1) Calling the Device multiplication function from the Host:

void MatrixMulOnDevice(const Matrix M, const Matrix N, Matrix P){

Matrix Mdevice=AllocateDeviceMatrix(M);
Matrix Ndevice=AllocateDeviceMatrix(N);
Matrix Pdevice=AllocateDeviceMatrix(P);

CopyToDeviceMatrix(Mdevice,M);
CopyToDeviceMatrix(Ndevice,N);

dim3 dimGrid(1,1);
dim3 dimBlock(MATRIX_SIZE,MATRIX_SIZE);

MatrixMulKernel<<>>(Mdevice,Ndevice,Pdevice);

CopyFromDeviceMatrix(P,Pdevice);

cudaFree(Mdevice.elements);
cudaFree(Ndevice.elements);
cudaFree(Pdevice.elements);

}

2) Device multiplication function:

__global__ void MatrixMulKernel(Matrix M, Matrix N, Matrix P){

int tx=threadIdx.x;
int ty=threadIdx.y;

float cummulativeVal=0.f;

for(int k=0; k< MATRIX_SIZE; k++){

cummulativeVal+=M.elements[MATRIX_SIZE*tx+k]*N.elements[ty+MATRIX_SIZE*k];

}

P.elements[tx*MATRIX_SIZE+ty]=cummulativeVal;

}

3) Device performance:

How many times is each element of the input matrices loaded during the execution of the kernel?

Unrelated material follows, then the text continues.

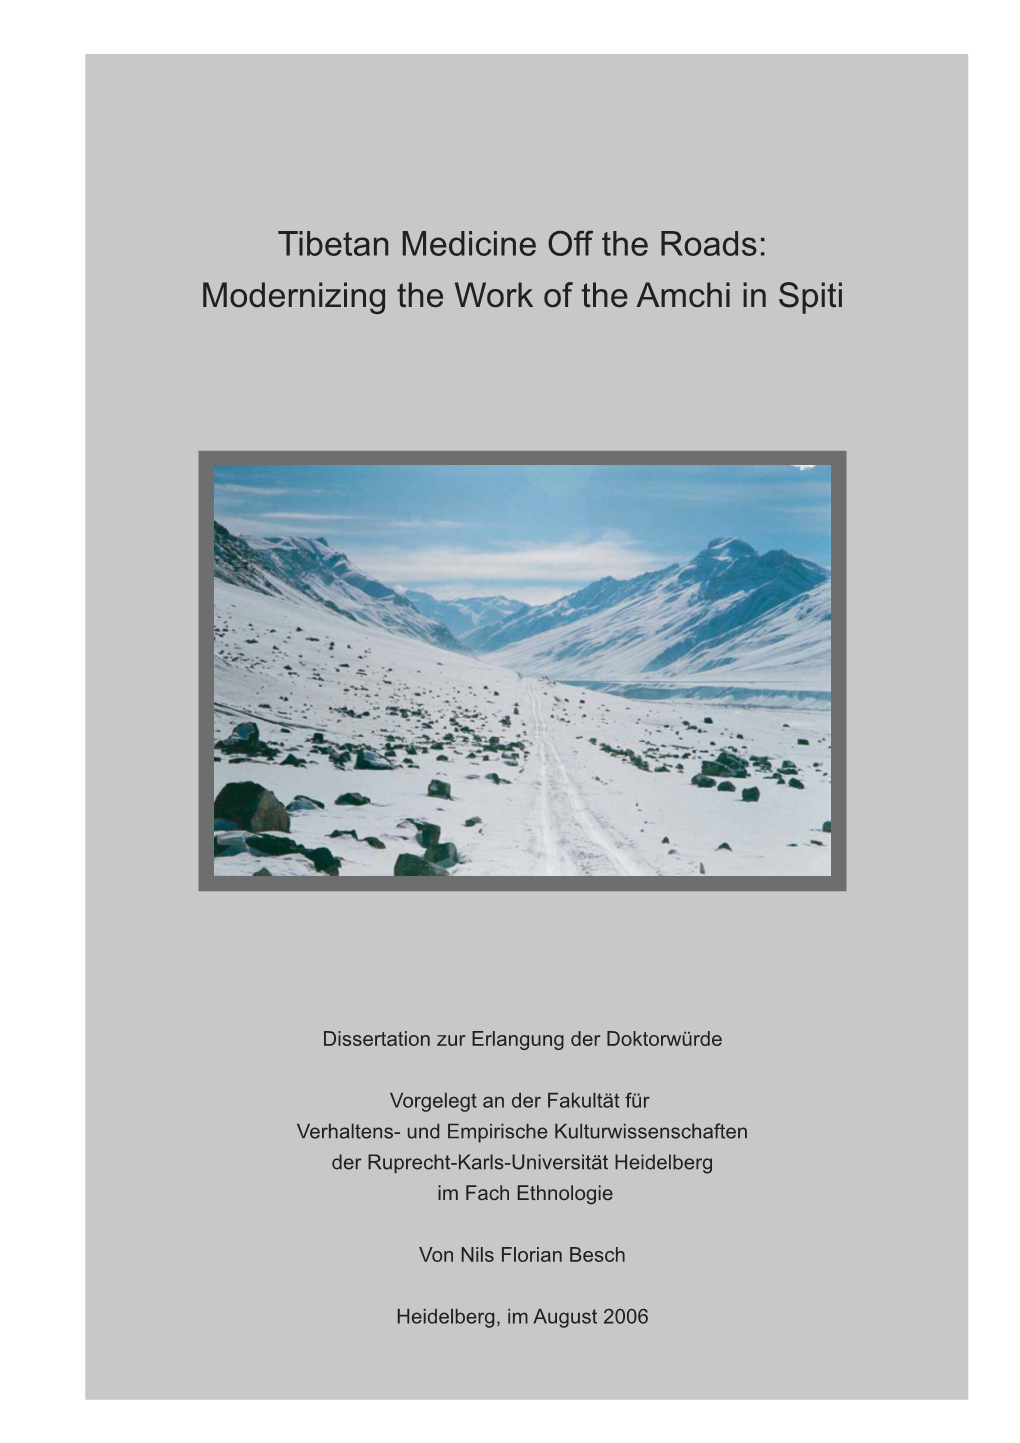 Tibetan Medicine Off the Roads: Modernizing the Work of the Amchi in Spiti

Each element of the 16x16 input matrices, M and N, is loaded 16 times during the execution of the kernel. In my implementation the thread (tx,ty) calculates the output value in matrix P located at tx-row and ty-column. To do such calculation, this thread requires to acces global memory and load 16 values from each matrix: M_(tx,1),M_(tx,2),...,M_(tx,16), and N_(1,ty),N(2,ty),...,N(16,ty). Therefore an element of matrix M, say M_(a,b), is loaded from global memory by all the threads that calculates elements at the a-row of matrix P, those are threads with indices (a,1), (a,2),...,(a,16). Analogusly, an element N_(c,d) is loaded from global memory by all the threads that calculates elements at the d-column of matrix P, those are threads with indices (1,d),(2,d),...,(16,d).

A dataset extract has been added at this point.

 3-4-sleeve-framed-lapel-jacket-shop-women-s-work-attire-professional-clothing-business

In the case of nxn matrix multiplication each element of the input matrices is loaded n times.

What is the memory-access to floating-point computation ratio in each thread?

The thread (tx,ty) computes the value of P_(tx,ty). This thread performs 32 memory accesses to load the values M_(tx,1),M_(tx,2),...,M_(tx,16), and N_(1,ty),N(2,ty),...,N(16,ty). Along the computation it does 16 multiplications ( M_(tx,1)*N_(1,ty),M_(tx,2)*N(2,ty),..., and M_(tx,16)*N(16,ty)) and 16 sums (0+M_(tx,1)*N_(1,ty)+M_(tx,2)*N(2,ty))+...+M_(tx,16)*N(16,ty)). Therefore, the total number of memory accesses and floating point computations (per thread) are both 32. Then, the memory-access to floating-point computation ratio in each thread is 1.

This situation also holds for multiplication of nxn matrices, 2n memory accesses : 2n float point computations per thread.